Первый раз в жизни Валентина сознательно насмехалась над мужем или, по меньшей мере, употребляла, чтобы его убедить, фразы, которые сама находила смешными. Дело в том, что у нее появилось страстное желание иметь ложу: она рассчитывала приглашать туда нескольких бордоских друзей, которых ежедневно влекла в Оперу любовь к балету, а так как скромность не была преобладающей добродетелью этих господ, уроженцев Гаскони, то она надеялась узнать от них кое-какие подробности, касающиеся успехов Федера.

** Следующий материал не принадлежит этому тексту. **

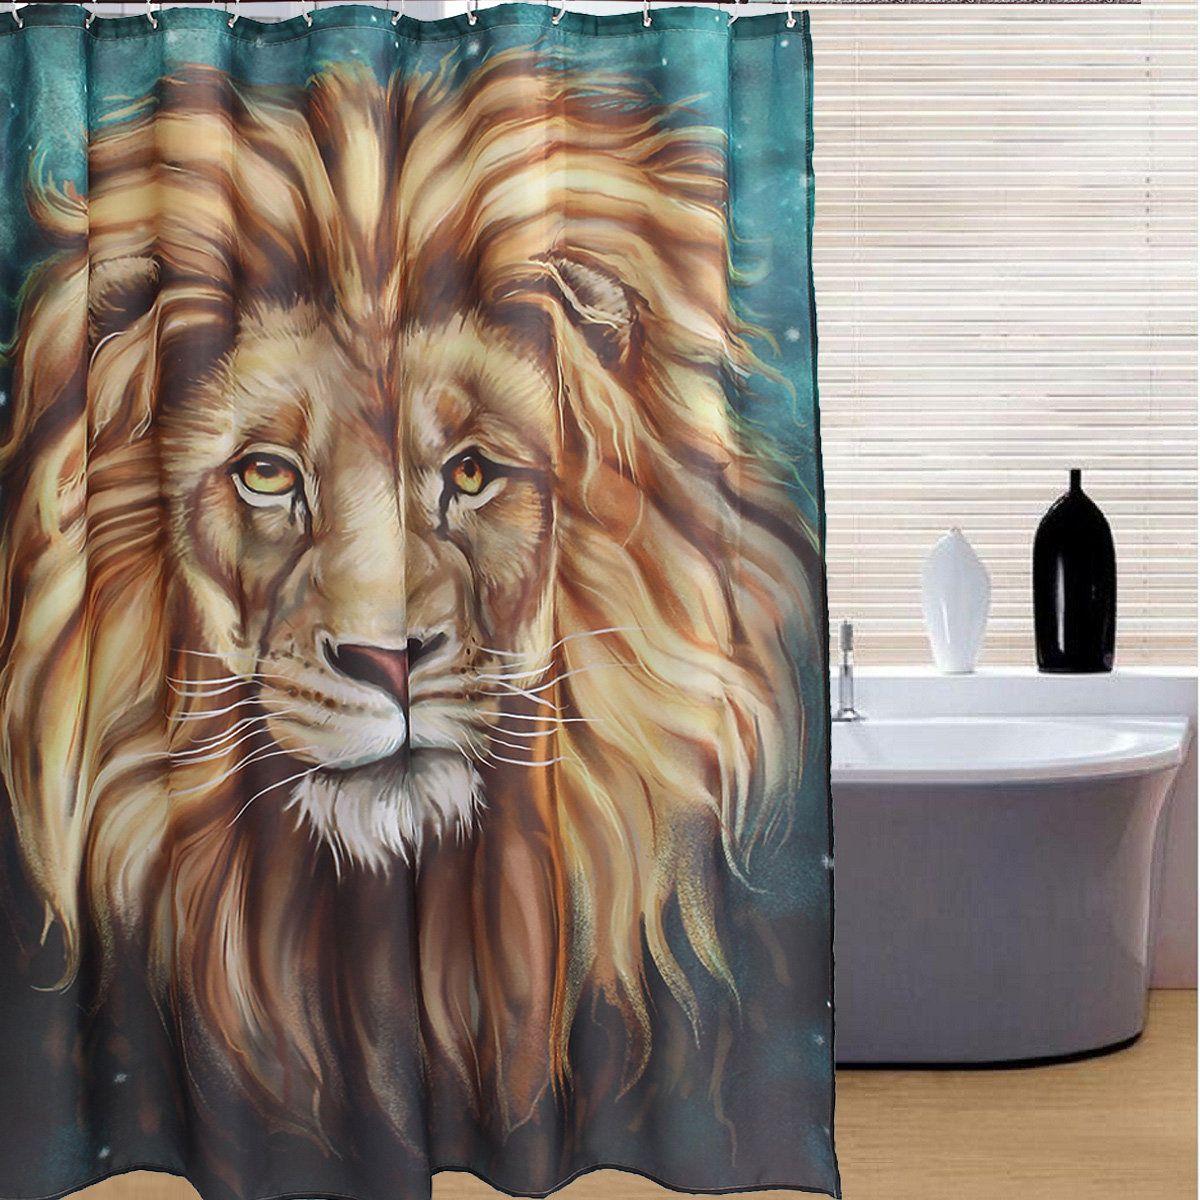 Lion Head Style Bathroom Shower Curtain With 12 Hooks Panel Fabric

— Наконец-то, — сказал ей муж, дружески пожимая ее руку, — наконец-то вы поняли, какой образ жизни должен вести такой человек, как я. У нас есть состояние, а раз это так, то почему бы вице-президенту коммерческого трибунала не стать депутатом? Разве Порталь[11], Лене[12], Равез[13], Мартиньяк[14] и многие другие начинали иначе? Вы, может быть, заметили, что на обедах, которые мы даем, я приучаюсь говорить речи. В глубине души я стою за неограниченную власть. Это единственная форма правления, дающая нам те прекрасные периоды спокойствия, во время которых мы, положительные люди, успеваем нажить состояние. Однако, принимая во внимание, что надо быть избранным, я бросаю иногда несколько тирад о свободе печати, о выборной реформе и о прочих пустяках... N., пэр Франции, рекомендовал мне молодого адвоката без практики, и тот два раза в неделю приходит читать со мной высокопарные речи некоего Бенжамена Констана[15], такого же нищего, как и он сам. Бедняга умер несколько лет назад, так и не сумев стать чем-нибудь, хотя бы членом Академии, что, быть может, очень скоро удастся нашему молодому художнику Федеру.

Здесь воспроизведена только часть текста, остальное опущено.